Выглянул из-под обложки, как из собачьей конуры, красавец Тигер, и вот его негодование посреди равнодушного люда:
– Муха. Как просто ее прихлопнуть! Кто, кто из вас заплачет по мухе? По комару, жучку-червячку?.. С каких размеров убиенного проявите сочувствие? С мышонка, хомячка с кроликом? Так и до нас доберетесь. Ого-го‚ ого-го‚ что кому до того...
Бессонные ночи. Горестные воздыхания. Молчаливые укоризны.
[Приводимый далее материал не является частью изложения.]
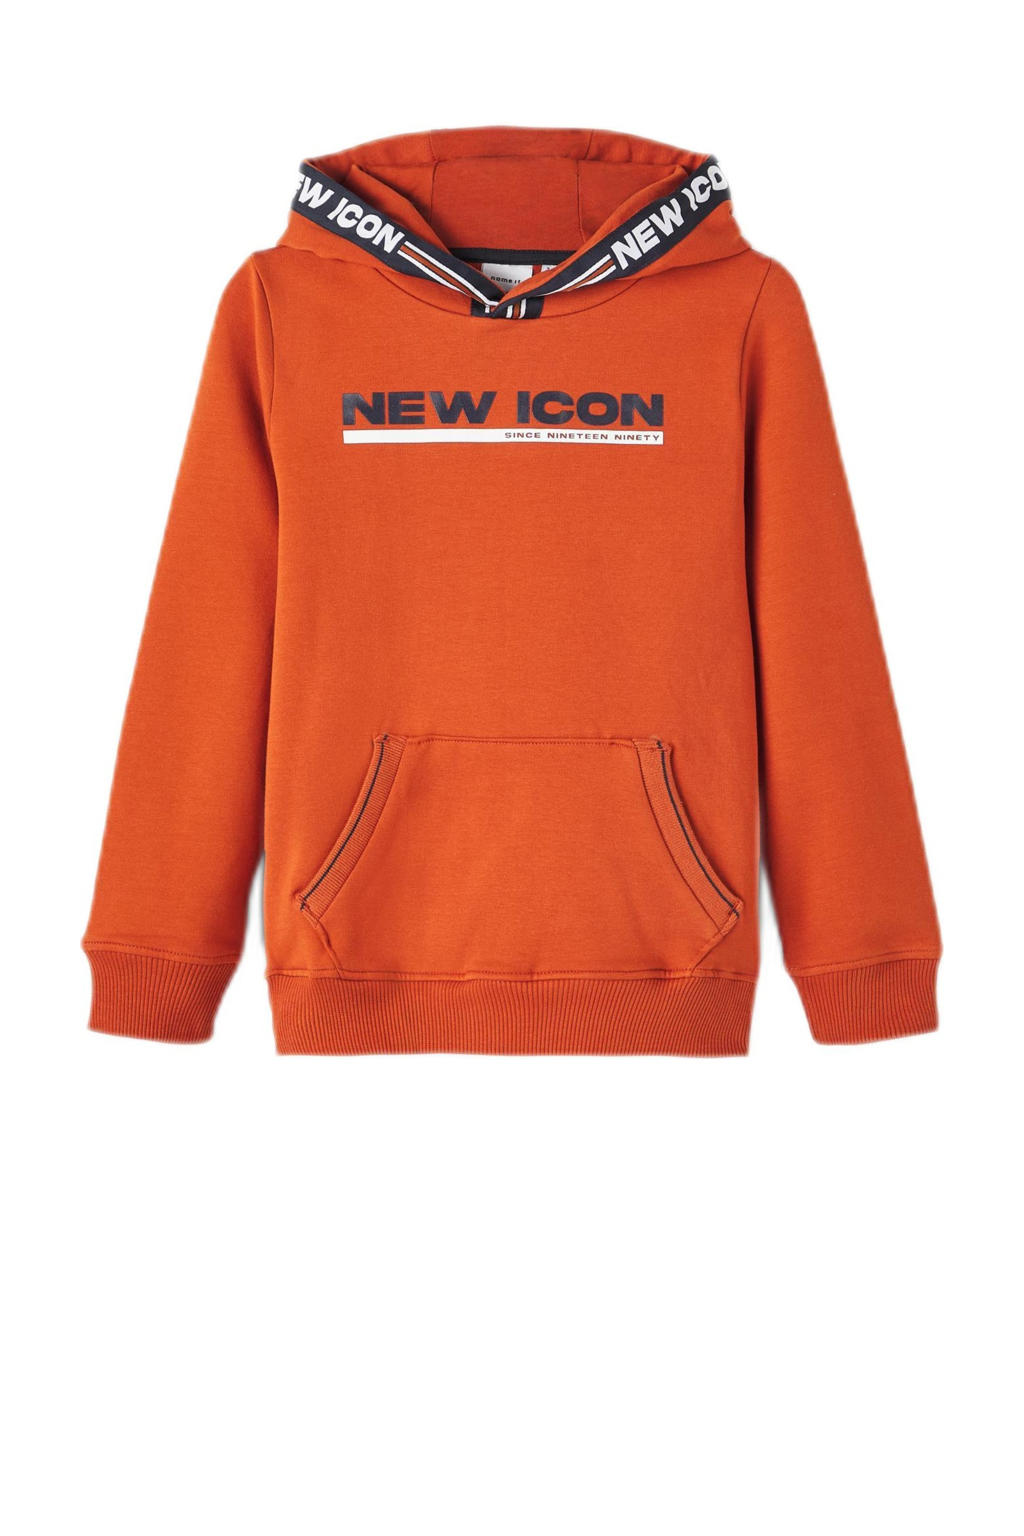 Oranje jongens NAME IT hoodie van duurzame sweatstof met printopdruk, lange mouwen en capuchon

Только моль не знает страданий.
– Собака, – перешепнулись, – а соображает.
Но Тигер уловил:
– Вот, вот оно! – ваше высокомерие. Будто мы амебы. Евглены зеленые. Инфузории-туфельки… Кто пожалеет амебу для облегчения ее печалей? Кто взглянет с пониманием на малых мира сего? Приручили – отвечайте. Одомашнили – кормите.
Вздохнули. Попросили по-хорошему:
– Поменяй тему, Тигер.
– Не поменяю. Куда вы катитесь, люди?.. Изобрели переносной телефон – облучиться в покое и удобстве, обратившись в слюнявых идиотов. Кто нас тогда накормит‚ почешет за ухом? У которых миска пуста‚ подстилка тонка‚ которым негде голову приклонить‚ лапы вытянуть‚ хвост откинуть в покое... Тень мою! Тень хотя бы не топчите!..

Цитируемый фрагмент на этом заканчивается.